Abstract
Introduction:
Pernicious anemia (PA) is a risk factor for gastric cancer. Other autoimmune conditions may also contribute.
Methods:
In a case-control study, we evaluated 47 autoimmune conditions among 39,125 gastric cancers and 200,000 cancer-free controls.
Results:
Six conditions were associated with increased gastric cancer risk (range of adjusted odds ratios [ORs]: 1.28-1.93, p<0.05): PA, membranous nephropathy, primary biliary cirrhosis, pure red cell aplasia, primary sclerosing cholangitis, and Graves’ disease.
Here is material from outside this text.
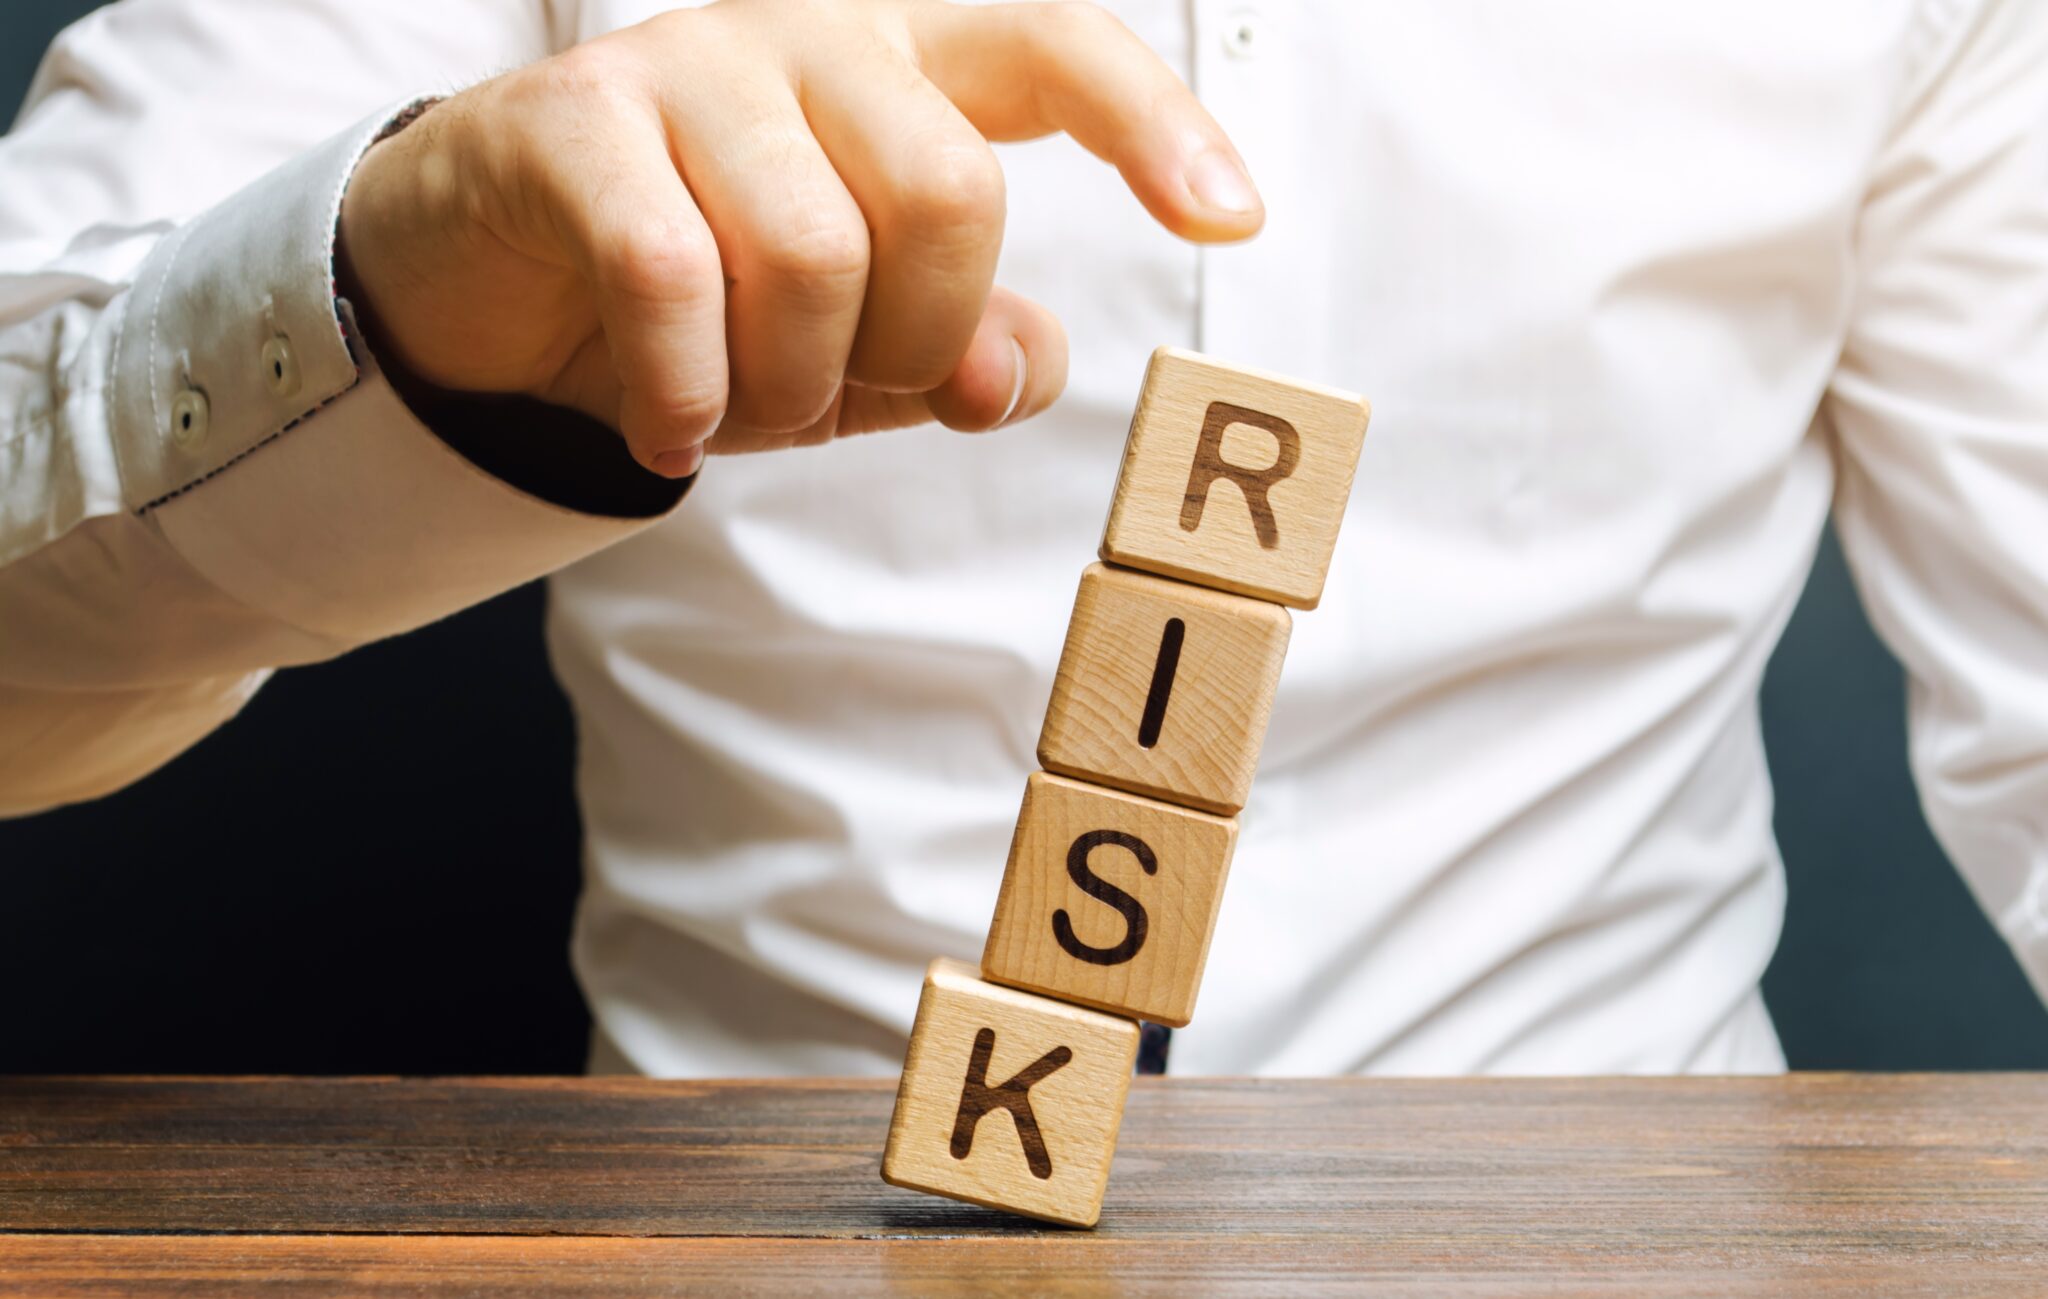 tujuan manajemen risiko

PA was associated with 8 other autoimmune conditions (adjusted ORs: 1.57-4.54, p<0.05).
Conclusions:
Autoimmune conditions associated with gastric cancer or PA may reflect effects of autoimmune gastritis or other carcinogenic pathways.
Keywords: Autoimmunity, Gastric Cancer, Epidemiology, Elderly
INTRODUCTION
Pernicious anemia (PA) has been associated with gastric cancer (1, 2). With waning prevalence of Helicobacter pylori infection, the relative significance of this alternative etiologic pathway involving autoimmunity may grow (3). Notably, recent increases in gastric cancer among certain groups implicate autoimmunity as a possible cause (4). Several autoimmune diseases besides PA have been associated with gastric cancer risk (5).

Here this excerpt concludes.